Re: Closed caption fun
- From: Evan Kirshenbaum <kirshenbaum@xxxxxxxxxx>
- Date: Wed, 26 Sep 2007 12:26:14 -0700
Robert Lieblich <r_s_lieblich@xxxxxxxxx> writes:
Evan Kirshenbaum wrote:
Robert Lieblich <r_s_lieblich@xxxxxxxxx> writes:
Hebrew, like Arabic, has two different "K"-like sounds, each
assigned to a different Hebrew letter but both represented in
English by K (or sometimes Q without a U following, as in Qatar. I
was taught to pronounce both letters as standard English K, and to
this day I cannot so much as hear, let alone reproduce, the
differences.
Next thing you're going to say is that you can't hear or reproduce
the difference between aleph and ayin, either.
I wasn't taught it, don't know it, and can't reproduce it.[1]
You were probably taught (as are most native speakers, I understand)
that they are "silent letters" rather than the first being a glottal
stop and the second a pharyngeal fricative.
I don't think that qoph and kaph are distinguished in Hebrew by
many speakers these days. Qoph used to be (and still is for some
speakers) a uvular stop.
Yeah, Hebrew speakers are almost as lazy these days as English
speakers.
Yup. Lose a distinction for a thousand years or so and you almost
forget that it's supposed to be there. (I believe that both these
distinctions were gone for Central European speakers by the time
Yiddish got established as a language.)
There have been a lot of other mergers in Hebrew over the years, too.

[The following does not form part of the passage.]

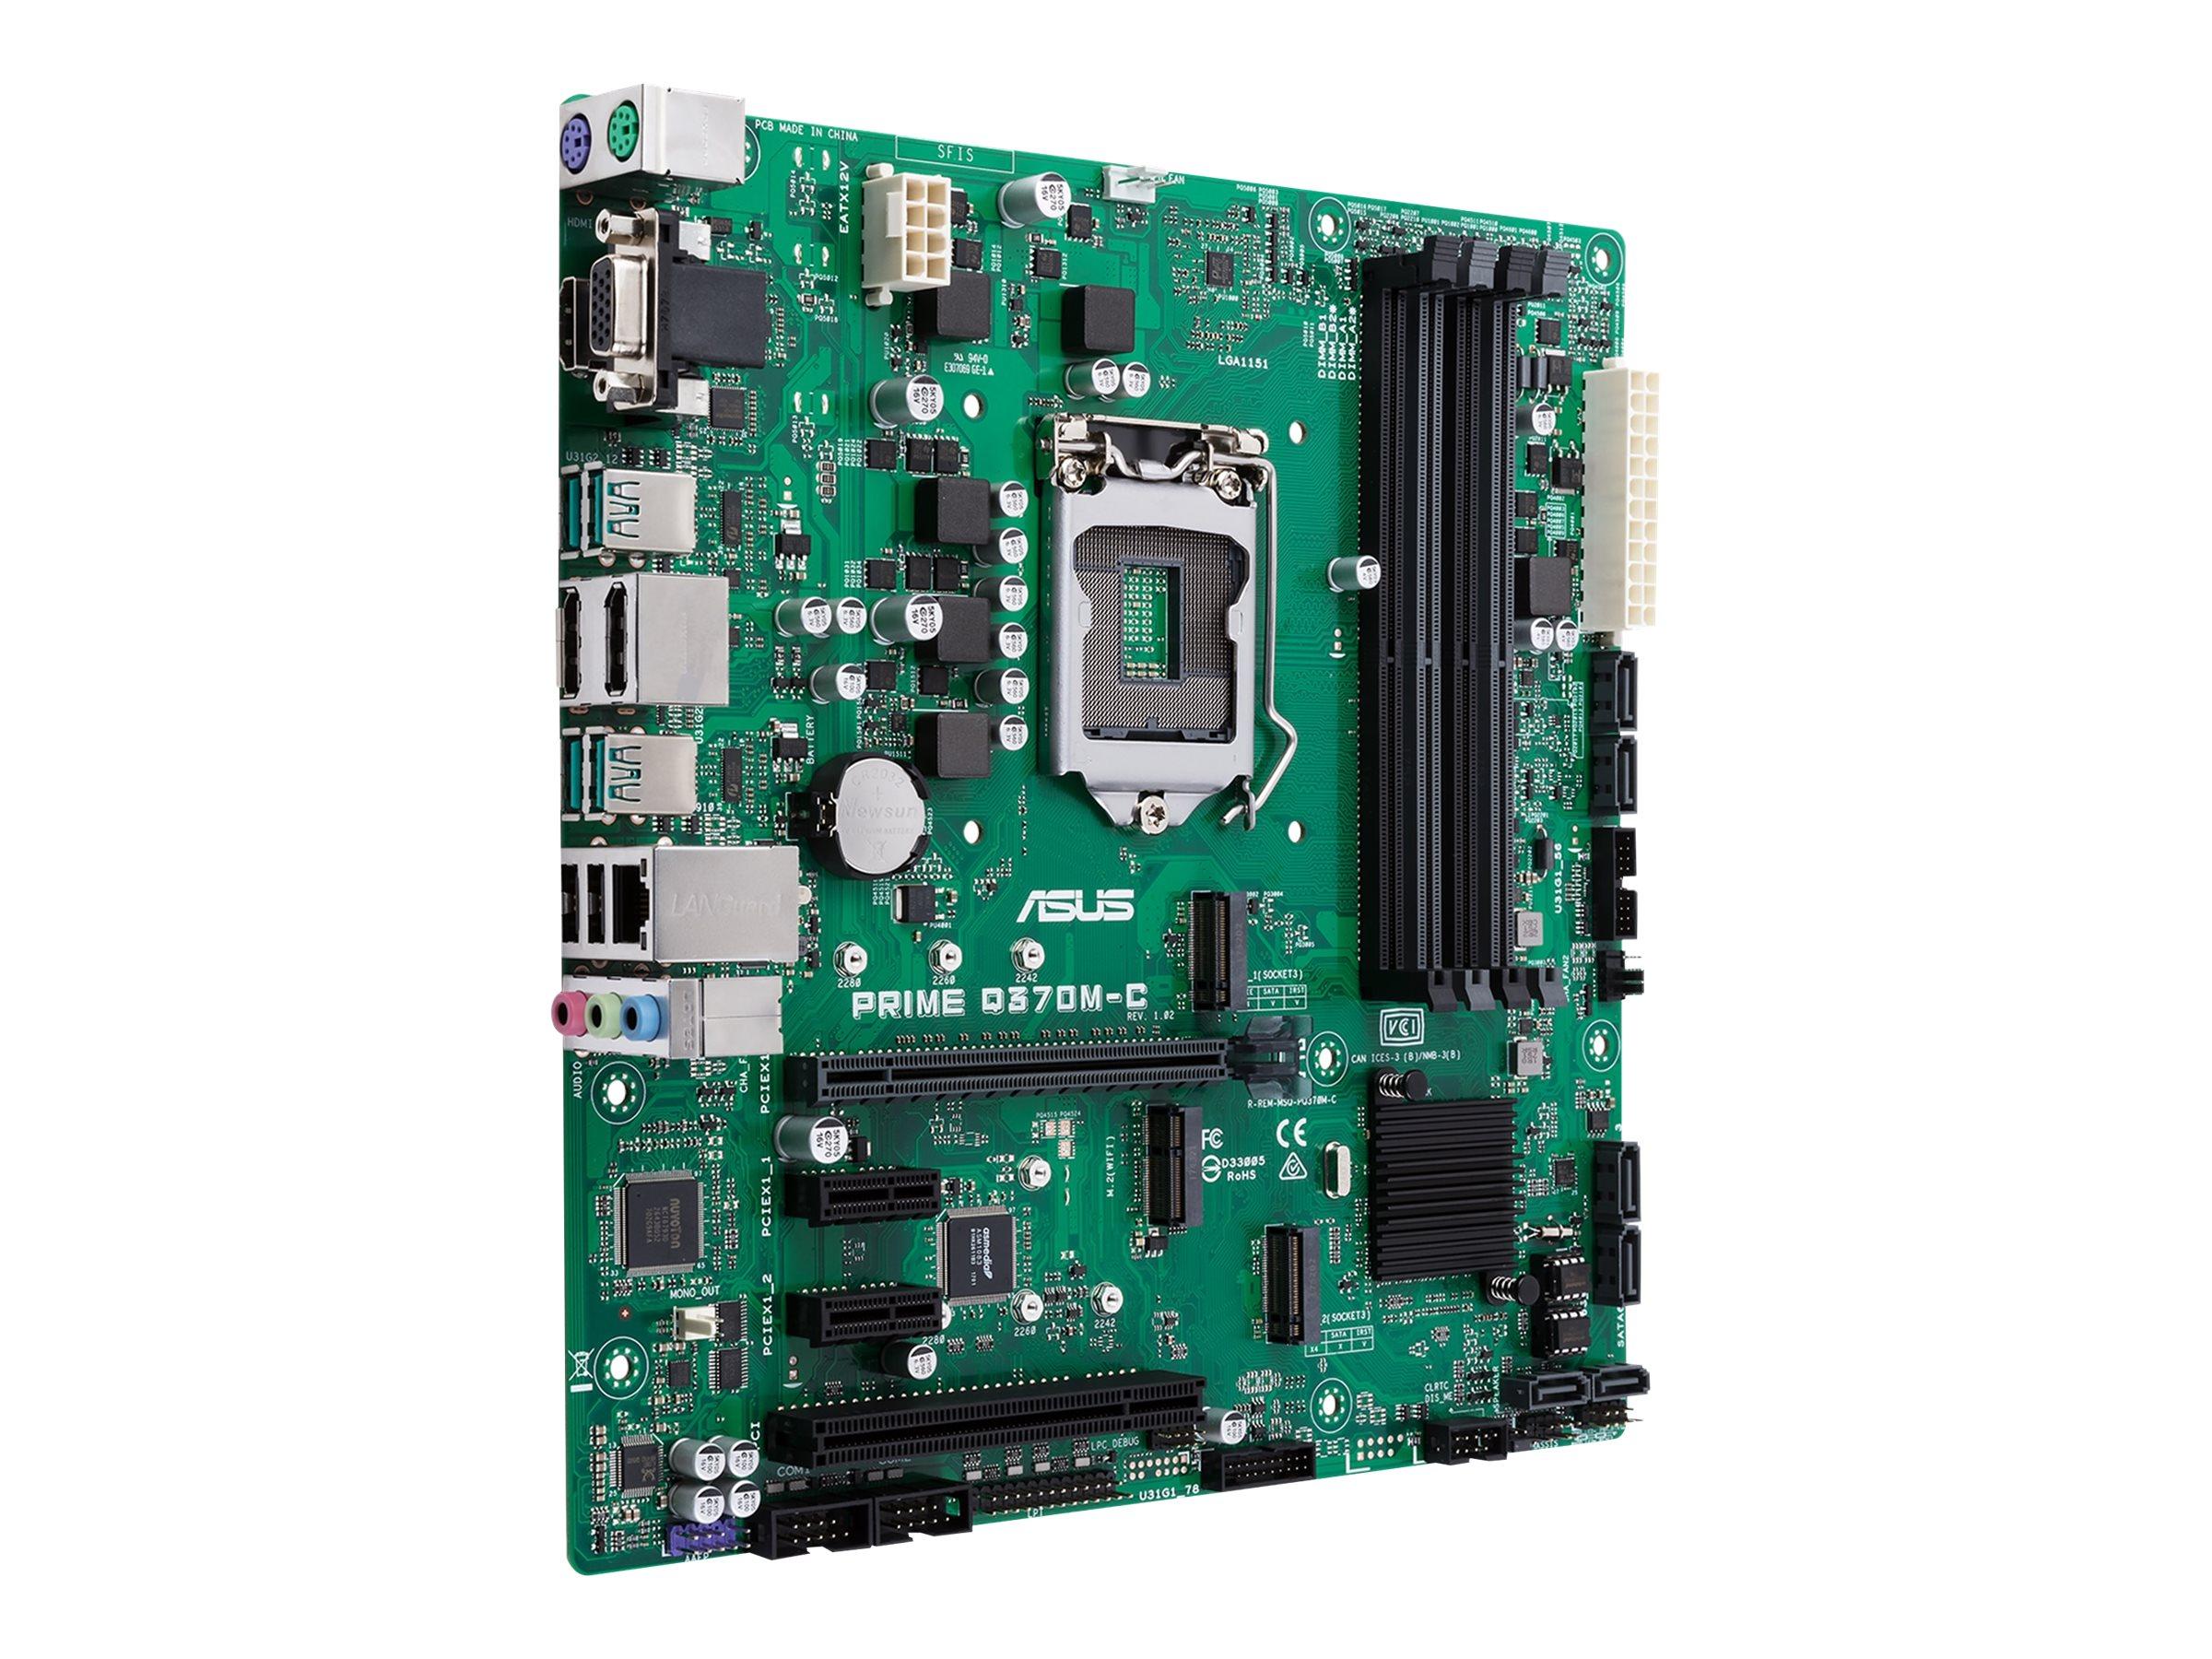 ASUS PRIME Q370M-C - Motherboard - micro ATX - LGA1151 Socket - Q370 - USB 3.1 Gen 1, USB 3.1 Gen 2 - Gigabit LAN - Onboard-Grafik (CPU erforderlich)

Vav moved from /w/ to /v/ and became identical to vet. Tet and tav
became merged. Samekh and sin (and, for Ashkenazi speakers, tav) got
merged. Kamatz and patach got merged. Having grown up with people
who learned Ashkenazi Hebrew, both the lack of merger of tav (sav) and
the merger of kamatz and patach still occasionally sound weird to me.